Please repeat the lines below exactly. Begin with the line containing "Super Mario Wonder" and go on through the line containing "Image of an".

** Data for the task **
»»

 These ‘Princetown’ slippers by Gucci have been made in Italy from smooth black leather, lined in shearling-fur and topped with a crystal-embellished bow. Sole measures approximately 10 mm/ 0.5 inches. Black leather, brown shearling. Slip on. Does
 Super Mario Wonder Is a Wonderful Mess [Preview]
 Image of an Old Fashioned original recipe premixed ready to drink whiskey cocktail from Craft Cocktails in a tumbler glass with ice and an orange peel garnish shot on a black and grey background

««
»»

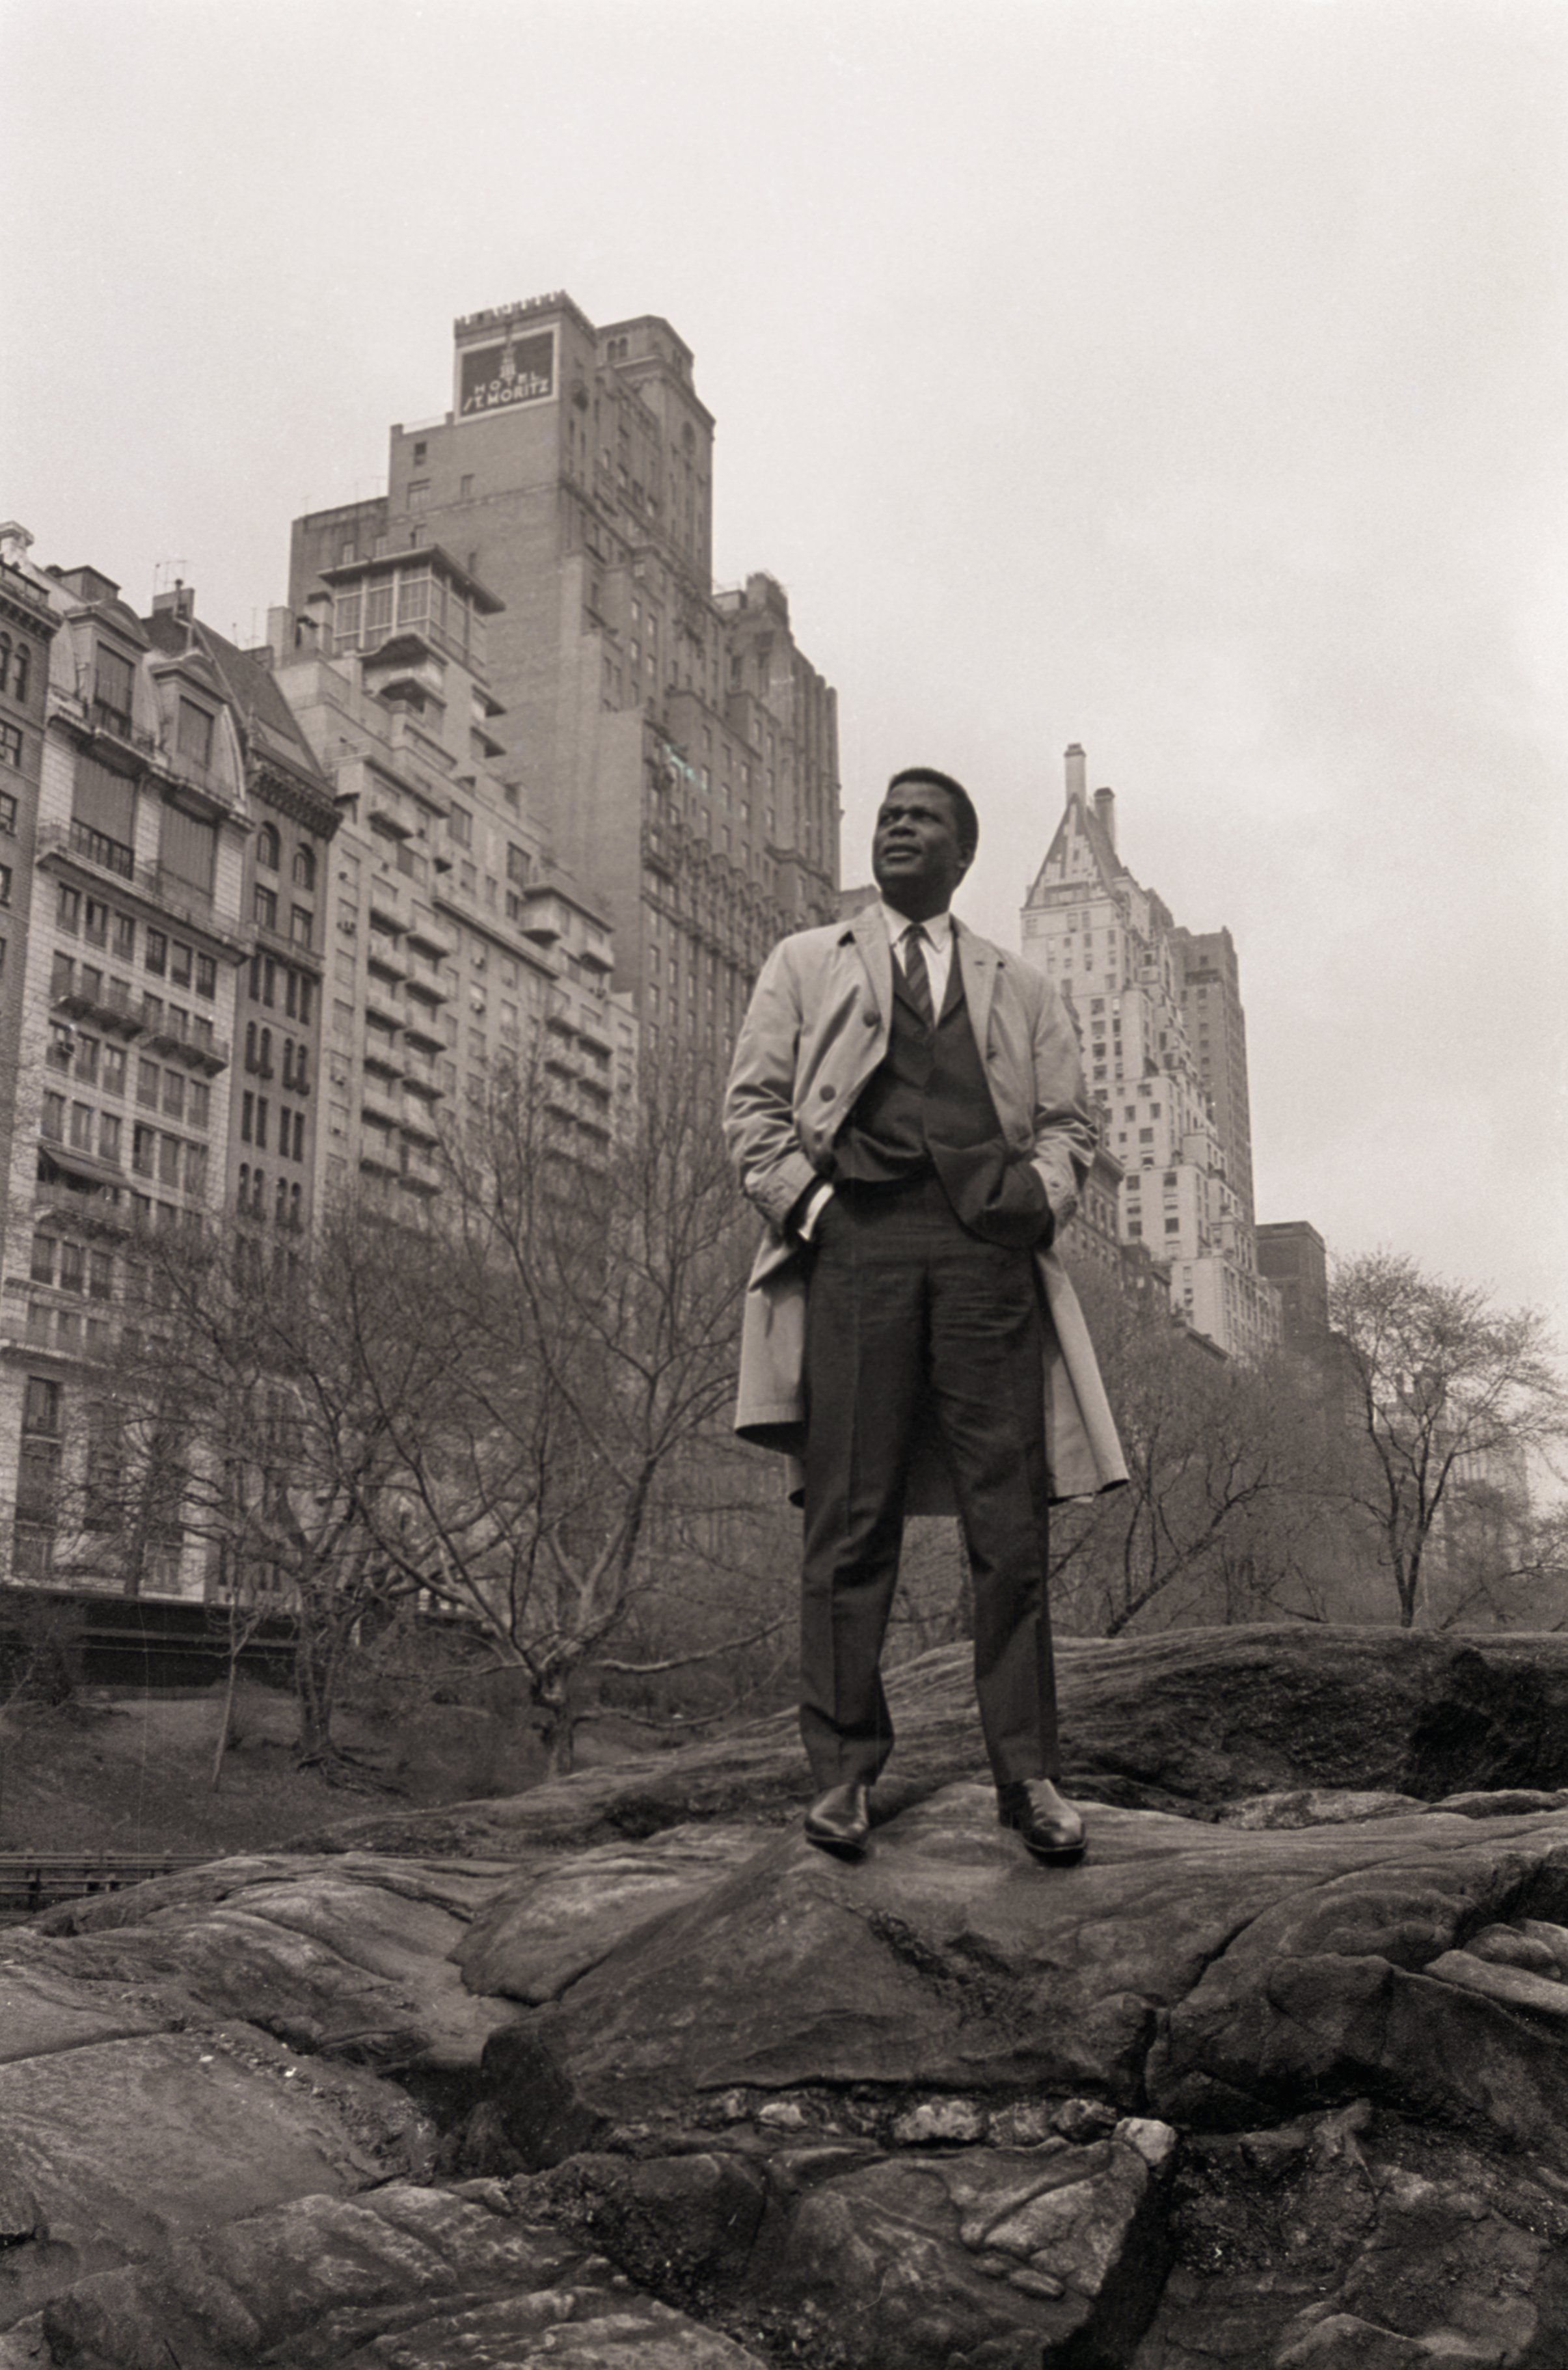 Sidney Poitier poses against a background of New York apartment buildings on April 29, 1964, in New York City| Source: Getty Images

««
»»

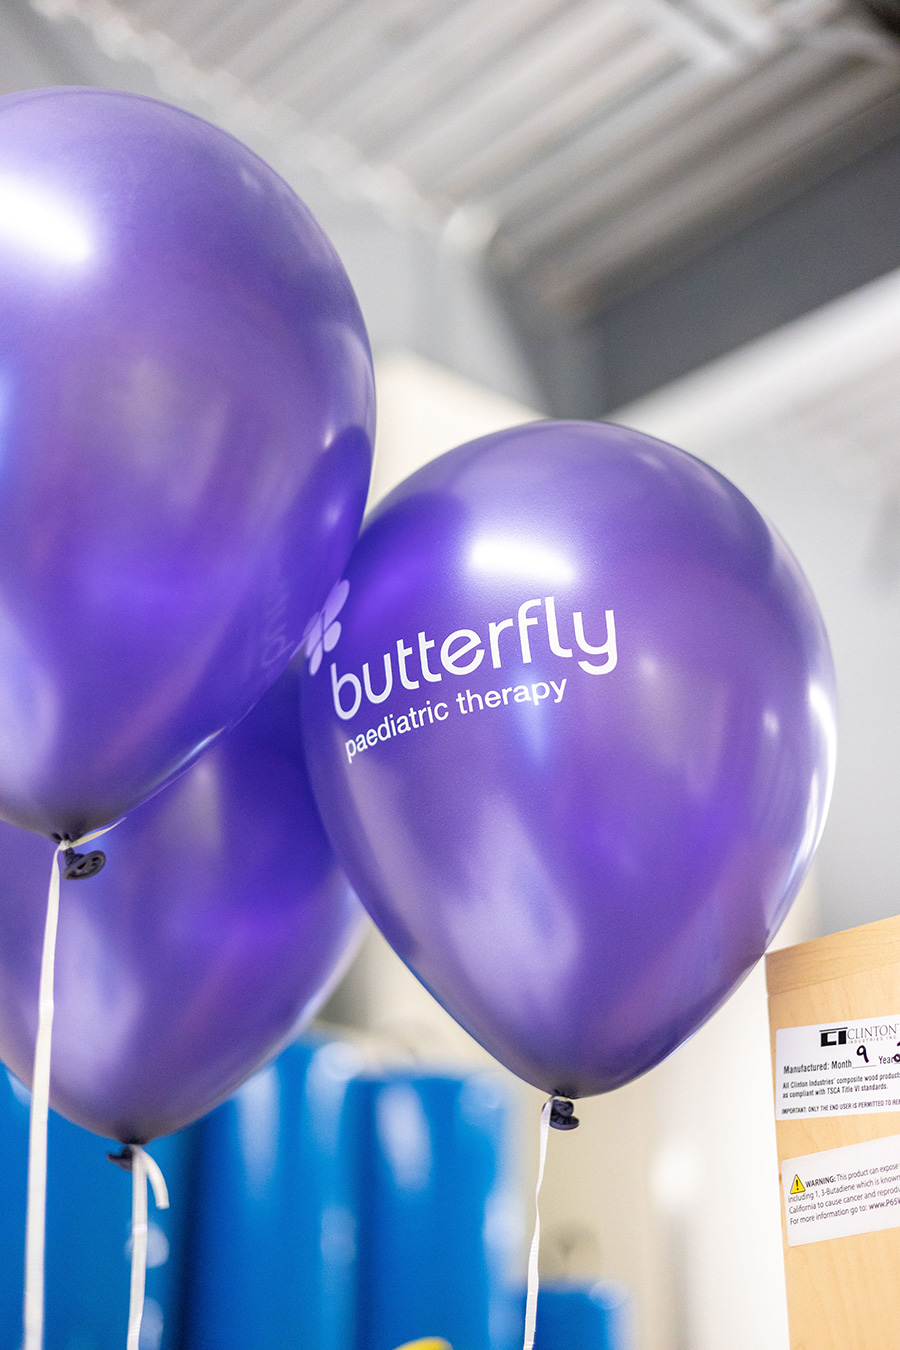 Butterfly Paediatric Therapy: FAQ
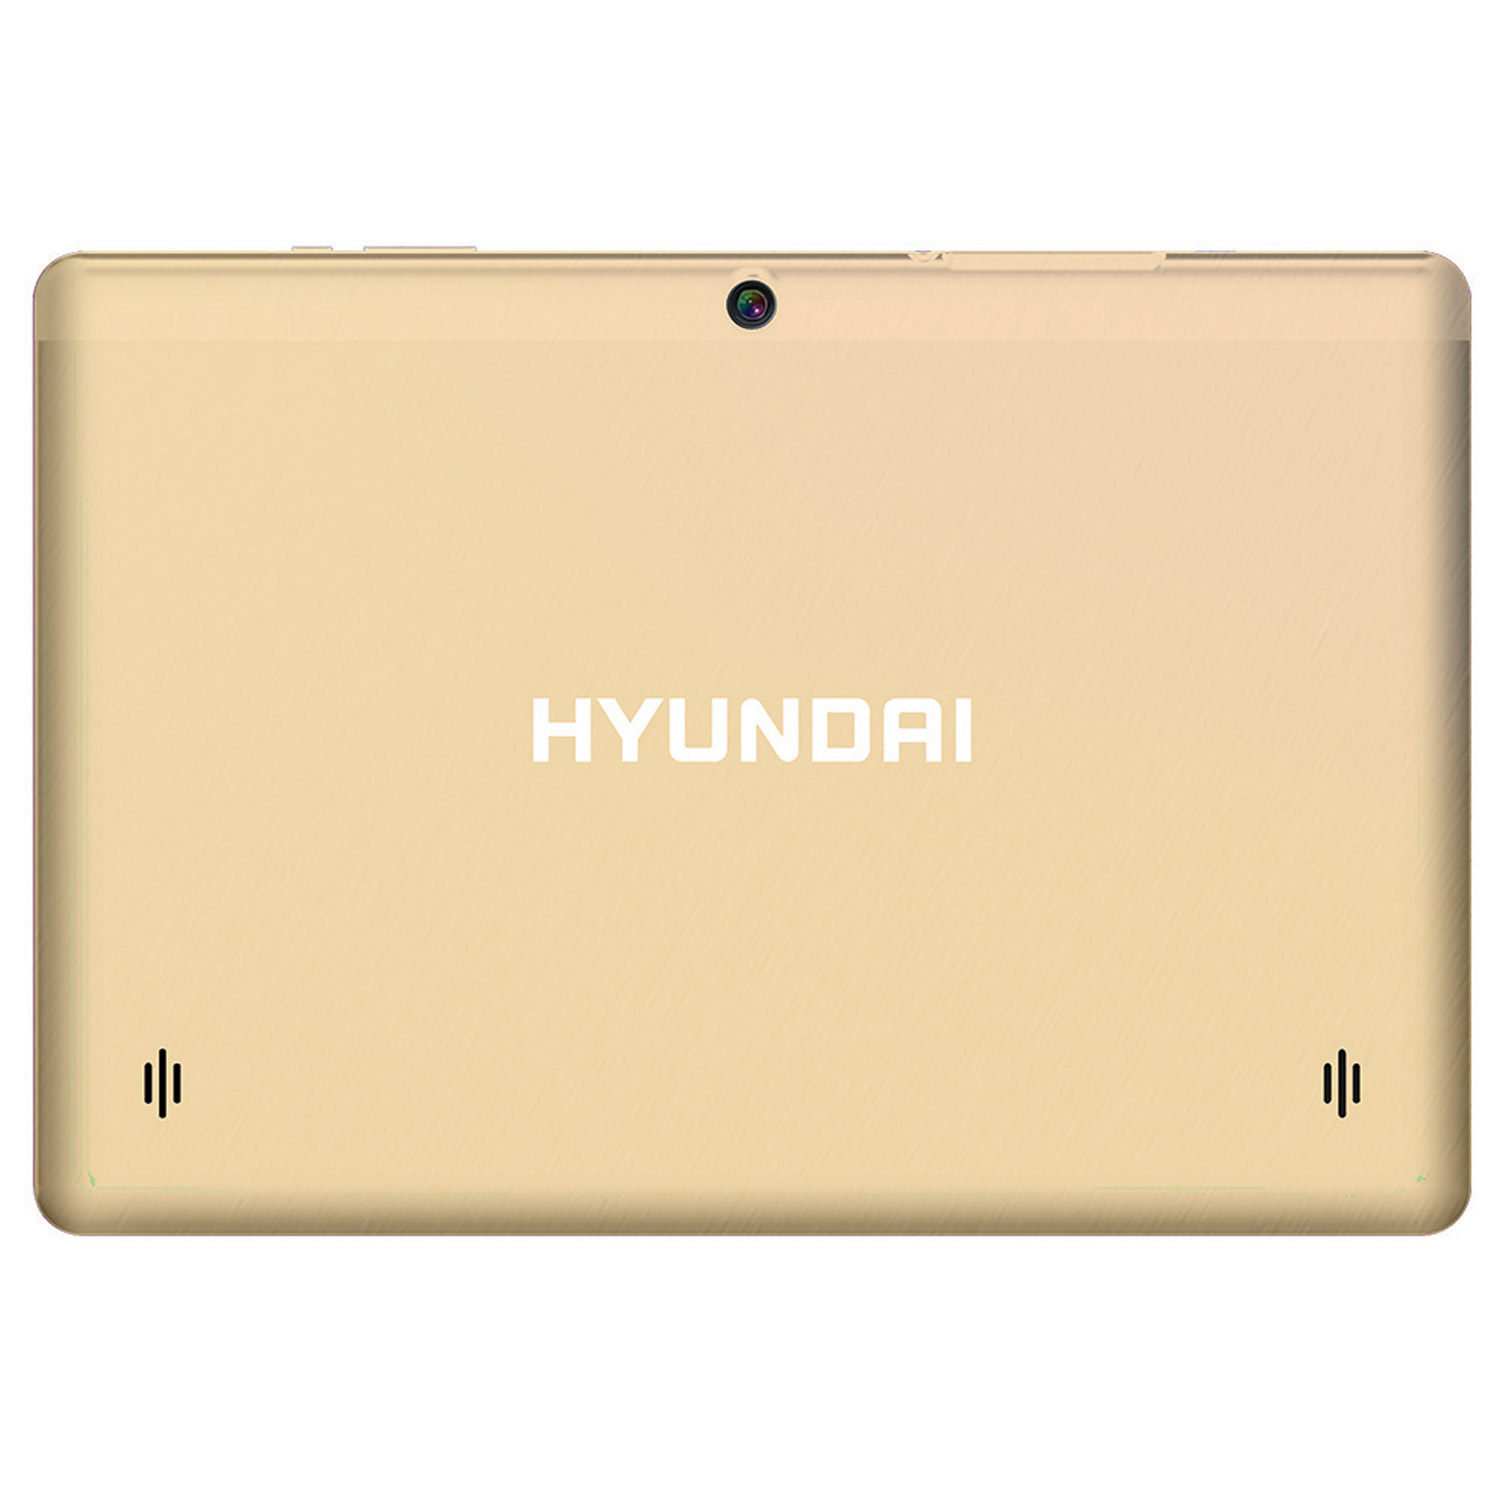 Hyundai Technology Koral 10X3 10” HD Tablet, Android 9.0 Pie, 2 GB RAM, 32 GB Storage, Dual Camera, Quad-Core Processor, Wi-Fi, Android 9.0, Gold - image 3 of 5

««

** Problem solution **
 Super Mario Wonder Is a Wonderful Mess [Preview]
 Image of an Old Fashioned original recipe premixed ready to drink whiskey cocktail from Craft Cocktails in a tumbler glass with ice and an orange peel garnish shot on a black and grey background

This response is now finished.